Using write_at_start=True in subsequent calls to run will result in duplicate output frames.

Example:

simulation.run(1_000)

property seed¶

Random number seed.

Seeds are in the range [0, 65535]. When set, seed will take only the lowest 16 bits of the given value.

HOOMD-blue uses a deterministic counter based pseudorandom number generator. Any time a random value is needed, HOOMD-blue computes it as a function of the user provided seed seed (16 bits), the current timestep (lower 40 bits), particle identifiers, MPI ranks, and other unique identifying values as needed to sample uncorrelated values: random_value = f(seed, timestep, ...)

Example:

simulation.seed = 2

(Loggable: category=”scalar”)

Type:: int

property state¶

The current simulation state.

Type:: hoomd.State

property timestep¶

The current simulation time step.

timestep is read only after creating the simulation state.

Note

Methods like create_state_from_gsd will set the initial timestep from the input. Set timestep before creating the simulation state to override values from create_ methods:

sim.timestep = 5000
sim.create_state_from_gsd("gsd_at_step_10000000.gsd")
assert sim.timestep == 5000

(Loggable: category=”scalar”)

Type:: int

property tps¶

The average number of time steps per second.

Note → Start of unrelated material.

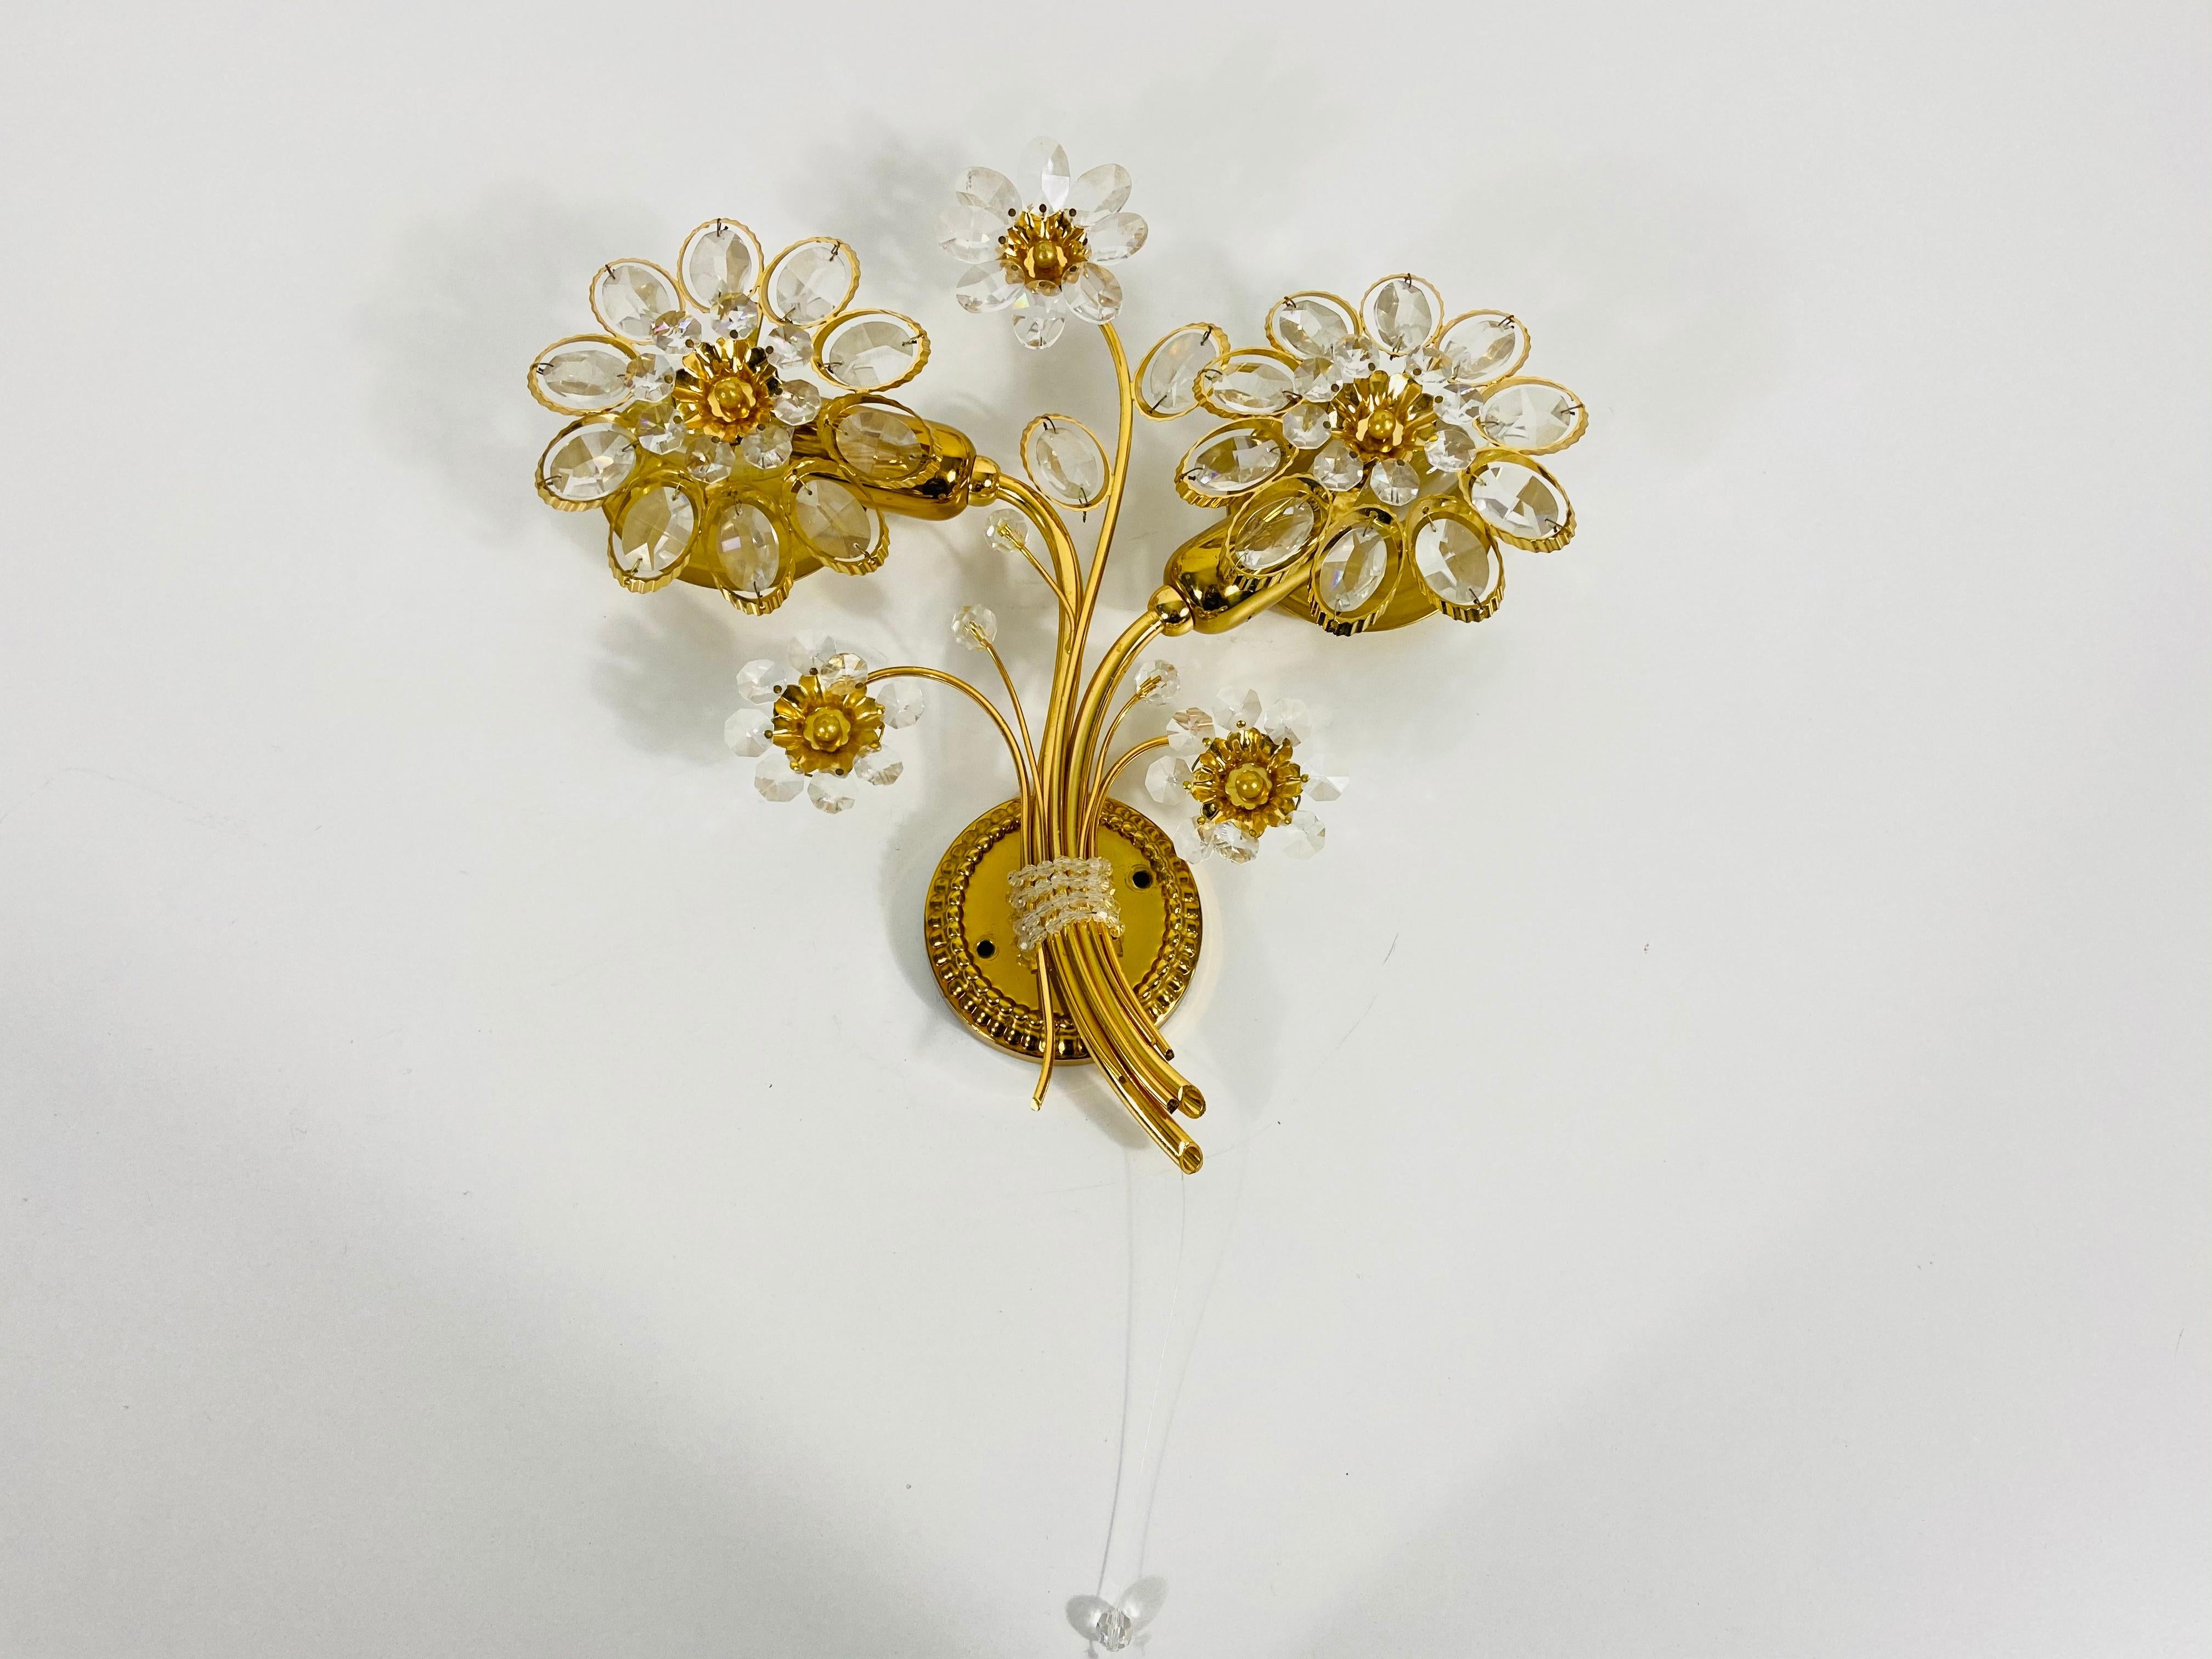 Extraordinary Floral Crystal Glass Sconce by Palwa, Germany, 1960s For Sale 4

tps is the number of steps executed divided by the elapsed walltime in seconds. It is updated during the run loop and remains fixed after run completes.

Warning

The elapsed walltime and timestep are reset at the beginning of each call to run. Thus, tps will provide noisy estimates of performance at the start and stable long term averages after many timesteps.

Tip

Use the total elapsed wall time and timestep to average the timesteps executed per second at desired intervals.

Example:

logger.add(obj=simulation, quantities=["tps"])

(Loggable: category=”scalar”)

Type:: float

property walltime¶

The walltime spent during the last call to run.

walltime is the number seconds that the last call to run took to complete. It is updated during the run loop and remains fixed after run completes.

Note

walltime resets to 0 at the beginning of each call to run.